Dynamic Programming.

### PROBLEM:

Given the first **N** natural numbers, we need to find the number of ways to arrange them such that only **K** of them are visible from left to right. A number is visible if there is no number greater than it, to the left of it.

### EXPLANATION:

This can be solved with dynamic programming where

DP[i][j] = number of ways to place the first **i** numbers in position **1** to **i** such that **j** of them are visible.

At every position **i**, we can choose to place the largest number **i**, or any of the number from **1** to **i-1**. Thus DP[N][K] is the required answer.

DP[i][j] = DP[i-1][j-1] + (i-1) * DP[i-1][j]

Placing the largest number **i** at position **i** will always make it visible and the problem reduces to finding the number of ways to place the first **i-1** numbers in position **1** to **i-1** such that **j-1** of them are visible.

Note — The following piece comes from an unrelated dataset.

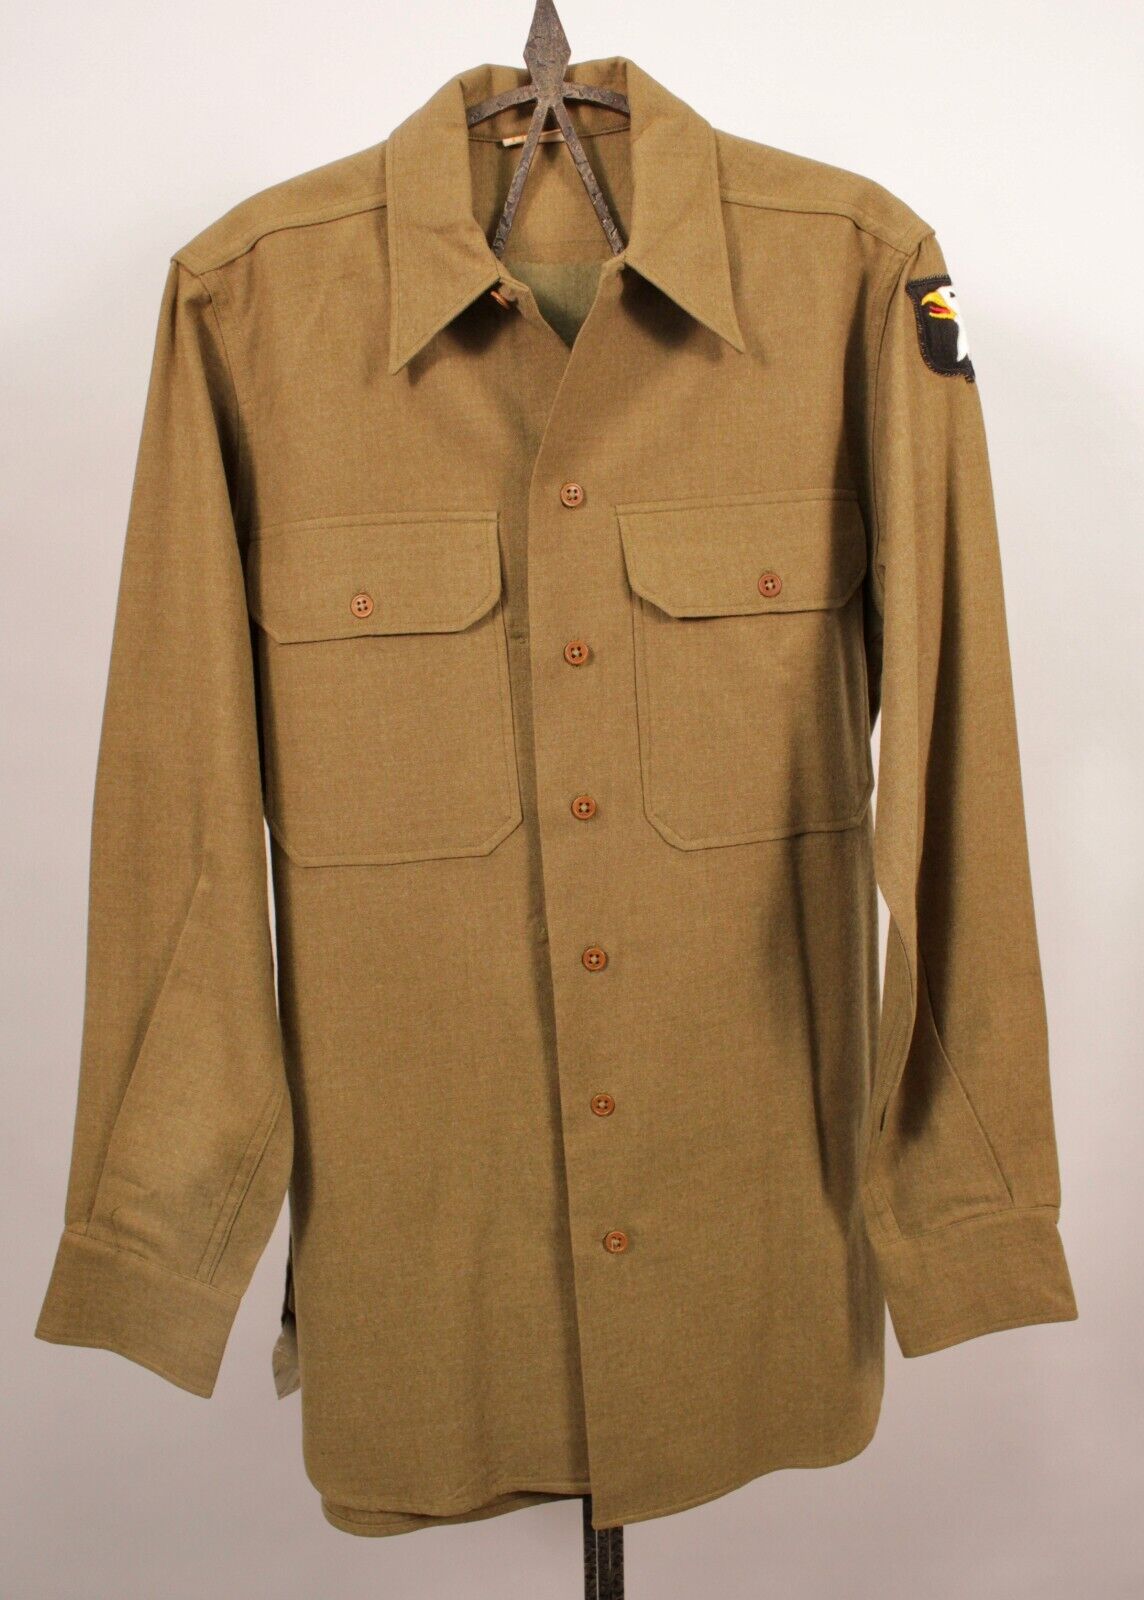 VTG 1940s WW2 US Army Airborne Paratrooper Wool Uniform Shirt w Patch S WWII 40s

While, placing any of the number from *1* to *i-1* on position *i*, makes that element not visible, and hence the problem reduces to to finding the number of ways to place the first *i-1* numbers in position *1* to *i-1* such that *j* of them are visible.

Hence, at every step, we can either place the largest number there or place any of the (i-1) smaller numbers there. In the first case, the largest number will be visible for sure and in the second case, the chosen number will not be visible for sure since at some point, the largest number will overshadow it.

Base Condition is DP[1][1] = 1.

We can precompute the DP for 1<=i<=1000 and 1<=j<=i and then answer each test case in O(1)

**Complexity** : **O(N ^{2})**